HIGHLIGHTS OF THE FINANCE BILL

INCOME TAX

 June 22-28, 96

With retrospective effects an explanation is proposed to be added that where the owner receives rent of the property in which he also resides can not be claimed as self occupied for the purposes of claiming exemption from income from house property.

 Appeal fees at first and second appellate stages are proposed to be reduced.

 The income earned from salary will be offered to tax at gross amount by the employees of the companies as defined in section 2(16) excluding employees of a corporation whose salaries are regulated by the government. On the other hand, the existing restriction of admissibility of expenditure in employers' hand, to the extent of fifty percent on account of excess perquisite is proposed to be removed from the Income Tax Ordinance.

Cash deposit receipts or rupee traveller cheques and payment of cellular phone M; have been brought into the ambit of withholding taxes.

The provisions related to deemed income in respect of private loan or advance remaining unpaid within five years are proposed to be withdrawn from the Income Tax Ordinance.

The tax credit in respect of balancing and modernisution of plant or machinery is being revived.

Initial depreciation on plant and machinery is proposed to be withdrawn effective assessment year 1994-95.

Tax exemptions to industrial undertaking have been curtailed which would now be available, if it is set-up by June 30, 1997.

Protection is being provided to new assesses not to disclose source of investment, who make investment in business under the fixed tax scheme to be announced by the Government subsequently.

Octroi collections, tolls, fee and other levies at the time of auction bids have been brought under presumptive tax regime to be taxed at the rate of five percent.

Rates of additional tax upon certain defaults are proposed to be enhanced from fifteen percent to twenty four percent.

Reduced rate certificate can be obtained by certain manufacturers to the extent of fifty percent upon satisfying the Regional Commissioner of Income Tax that their actual tax liability has already been discharged.

The reduction in corporate tax rates due for the current year 1996-97 has been deferred .

The mandatory stay of demand available to the assessee till the decision of first appeal is proposed to be withdrawn.
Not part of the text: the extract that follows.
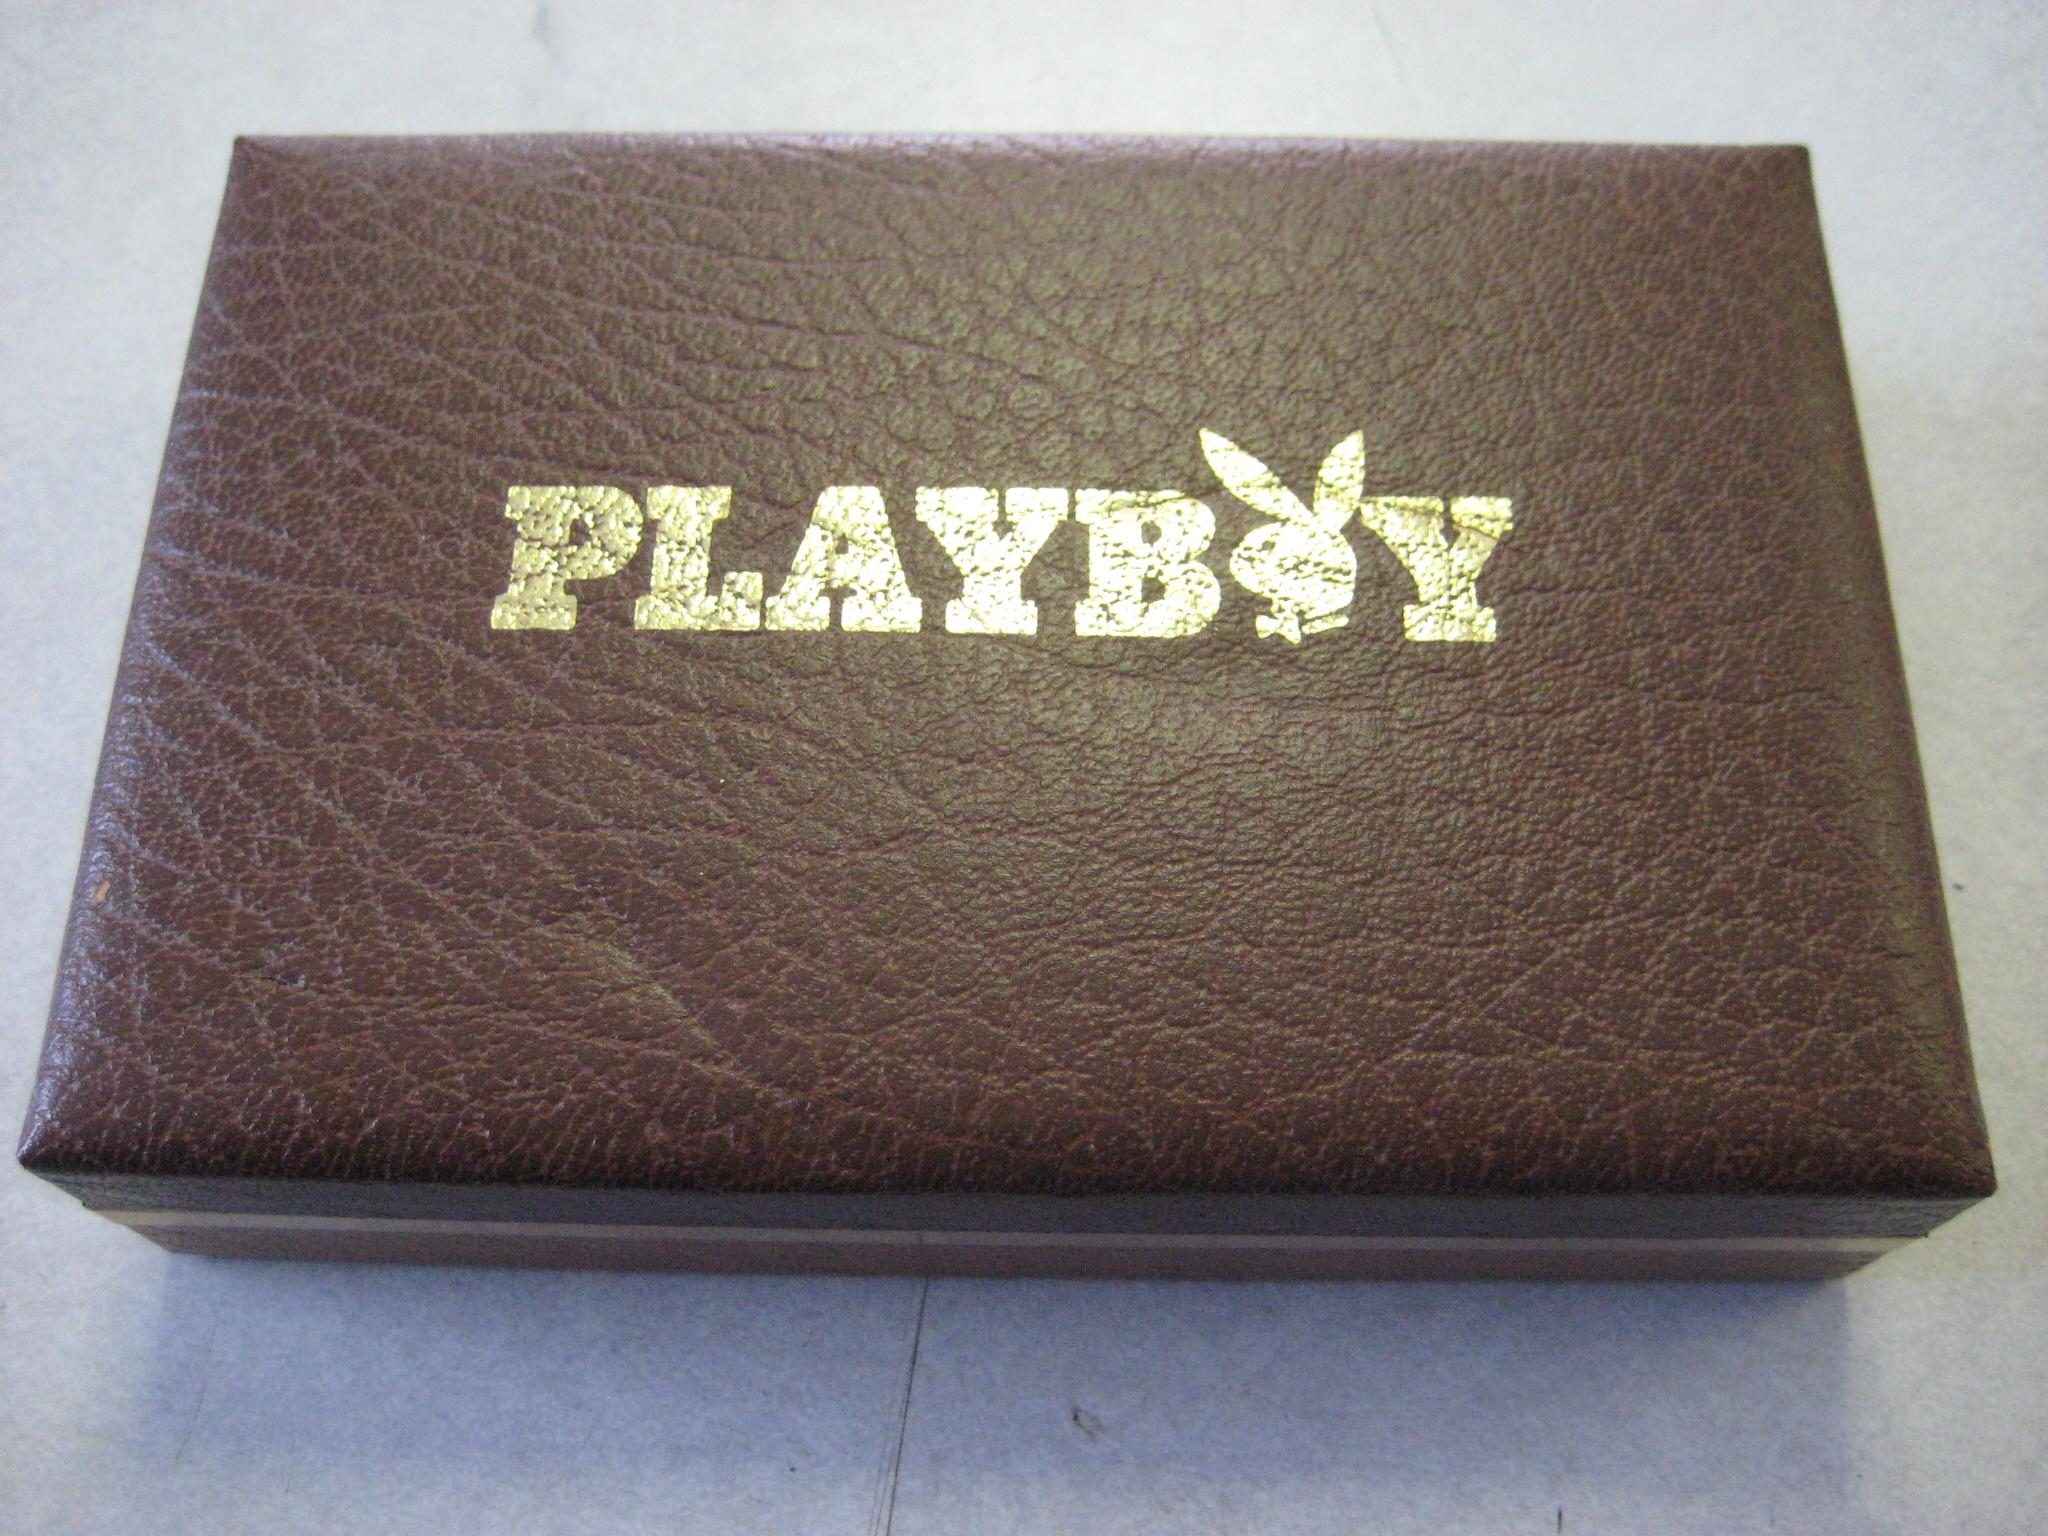 1978 Playboy Vip Cards

Penalties for non-compliance of filing requirement of return of income are proposed to be reduced.

Reduced tax rate on dividend @ seven and half percent is proposed for Privatised Power Projects by WAPDA.

Exemption from tax on tax is proposed to be extended to all non-residents.

Income of expatriates resident in Pakistan which accrues or arises outside Pakistan is proposed to be exempted.

Immunity is extended to income tax assesses from concealment prior to assessment year 1996-97 who are now registering themselves under the Sales Tax Act .

WEALTH TAX

Residential houses owned by the agriculturists have been included in the definition of assets and have become liable to tax. However, exemption is proposed to be extended to one dwelling house only. (see real estate story for details)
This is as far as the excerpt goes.